When you have the Properties dialog box open for drawing the regression line, notice that there is a set of Confidence Intervals options. When clicked, these show you a boundary within which there is a specific probability as to how good the prediction is. For example, if you click Mean and specify 95%, the graph will show you the boundaries surrounding the regression line, within which there is a 95% chance of the predicted scores occurring. This idea of wanting to be within a certain range of error 95% of the time is the same as wanting a .05 significance level for statistical analyses.

Figure 16.5 ⬢ Linear Regression dialog box

Understanding the SPSS Output

The SPSS output tells us several things:

1. The formula for the regression line is taken from the first set of output shown in Figure 16.6 as Y ′ = –0.125X + 6.847. This equation can be used to predict level of injury given any number of hours spent in strength training.

2. As you can see in Figure 16.8, the regression line has a negative slope, reflecting a negative correlation (of –.458, which is what Beta is in Figure 16.6) between hours of training and severity of injuries. So it appears, given the data, that the more one trains, the fewer severe injuries occur.

3. You can also see that the prediction is significant—in other words, predicting Y from X is based on a significant relationship between the two variables such that the test of significance for both the constant (Training) and the predicted variable (Injuries) is significantly different from zero (which it would be if there was no predictive value for X predicting Y).

So just how good is the prediction? Well, the SPSS output (which we did not show you) also indicates that the standard error of estimate for Injuries (the predicted variable) is 2.182; double that (4.36) and you’ll see that there is a 95% chance (remember 1.96 or about 2 standard deviations away from the mean creates a 95% confidence interval) the prediction will fall between the mean of all injuries (which is 4.33) and ±4.46. So, based on the correlation coefficient, the prediction is okay but not great.

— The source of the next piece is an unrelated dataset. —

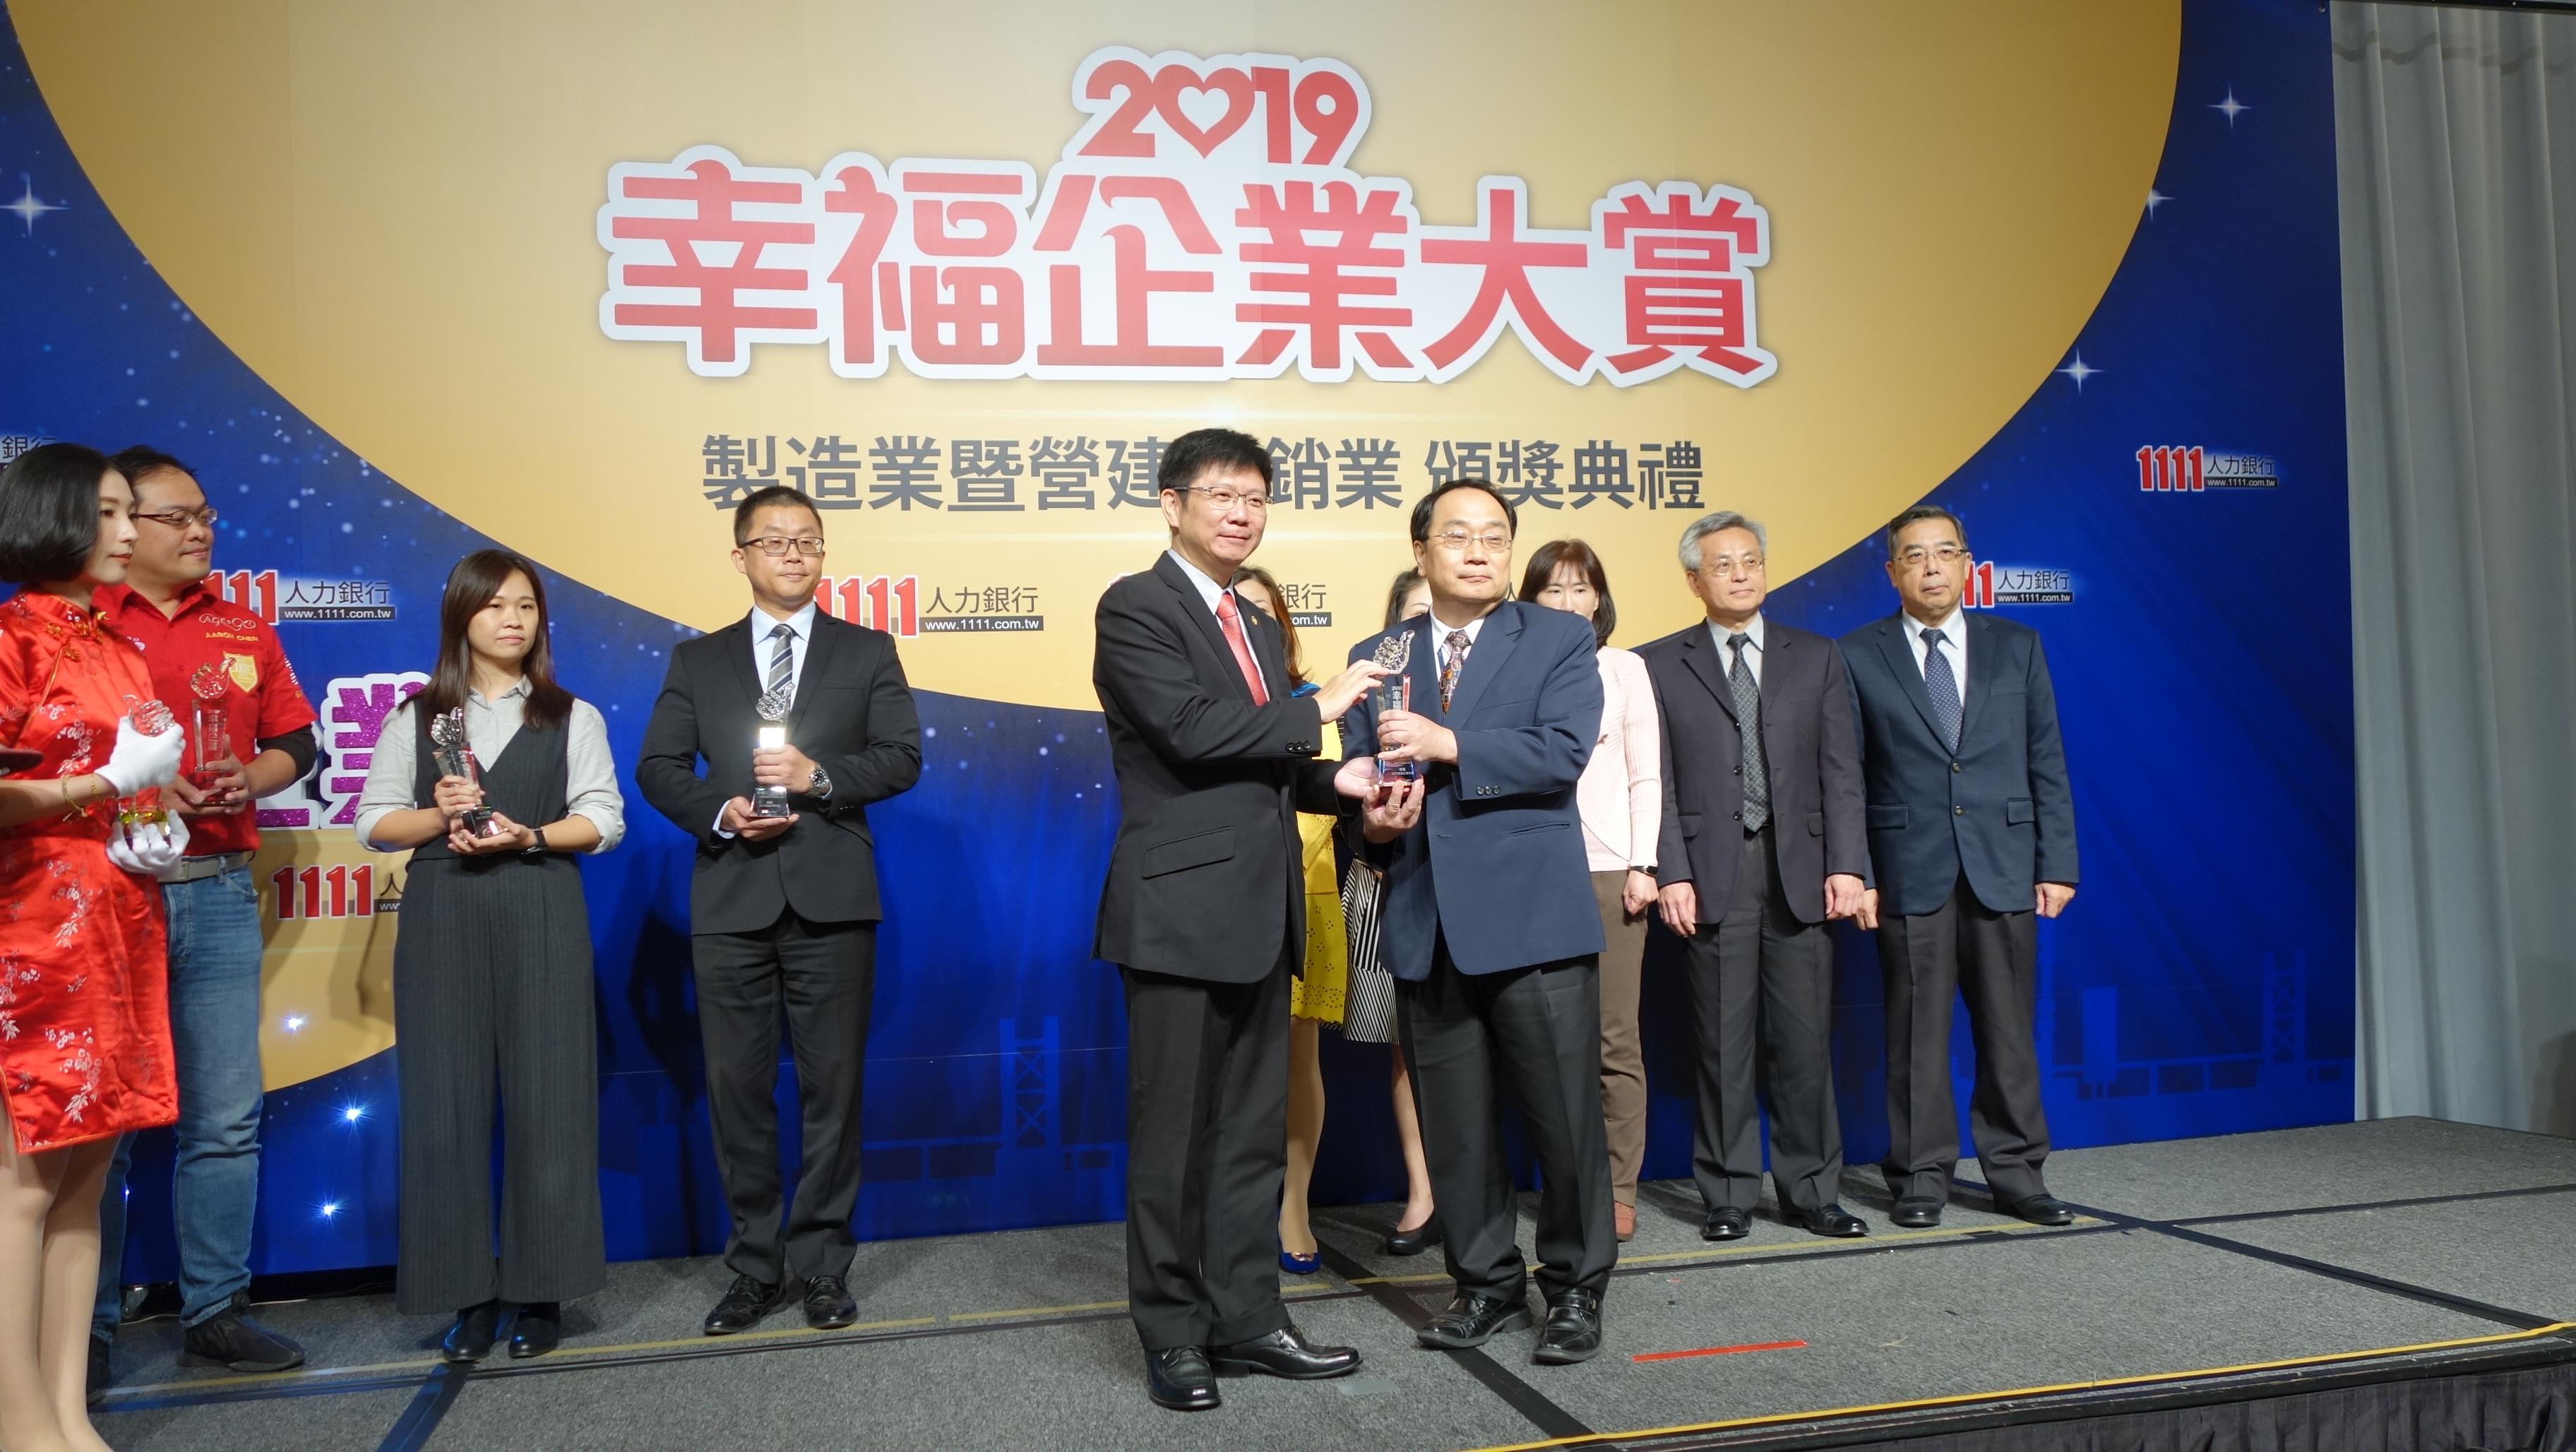 台灣中油奪下文化部文馨獎與1111人力銀行「幸福企業」獎

THE MORE PREDICTORS THE BETTER? MAYBE

All of the examples that we have used so far in the chapter have been for one criterion or outcome measure and one predictor variable. There is also the case of regression where more than one predictor or independent variable is used to predict a particular outcome. If one variable can predict an outcome with some degree of accuracy, then why couldn’t two do a better job? Maybe so, but there’s a big caveat—read on.

For example, if high school GPA is a pretty good indicator of college GPA, then how about high school GPA plus number of hours of extracurricular activities? So, instead of

Y'=bX+a,Y′=bX+a,

the model for the regression equation becomes

Y'=bX1+bX2+a,Y′=bX1+bX2+a,

where

· X1 is the value of the first independent variable,

· X2 is the value of the second independent variable,

· b is the regression weight for that particular variable, and

· a is the intercept of the regression line, or where the regression line crosses the y-axis.

As you may have guessed, this model is called  multiple regression  (multiple predictors, right?). So, in theory anyway, you are predicting an outcome from two independent variables rather than one. But you want to add additional predictor variables only under certain conditions. Read on.

LIGHTBOARD LECTURE VIDEO

Multiple Regression

Any variable you add has to make a unique contribution to understanding the dependent variable. Otherwise, why use it? What do we mean by unique? The additional variable needs to explain differences in the predicted variable that the first predictor does not. That is, the two variables in combination should predict Y better than any one of the variables would do alone.

In our example, level of participation in extracurricular activities could make a unique contribution. But should we add a variable such as the number of hours each student studied in high school as a third independent variable or predictor? Because number of hours of study is probably highly related to high school GPA (another of our predictor variables, remember?), study time probably would not add very much to the overall prediction of college GPA. We might be better off looking for another variable (such as ratings on letters of recommendation) rather than collecting the data on study time.

Take a look at Figure 16.9, which is the result of a multiple regression analysis that adds the number of extracurricular activity hours to the data you saw in Table 16.1. You can see how both high school GPA and number of hours of extracurricular activity are significant contributors to first-year college GPA. This is a powerful way of examining what and how more than one independent variable contribute to prediction of another variable.

Figure 16.9 ⬢ A multiple regression analysis

The Big Rule(s) When It Comes to Using Multiple Predictor Variables

If you are using more than one predictor variable, try to keep the following two important guidelines in mind:

1. When selecting a variable to predict an outcome, select a predictor variable (X) that is related to the criterion variable (Y). That way, the two share something in common (remember, they should be correlated).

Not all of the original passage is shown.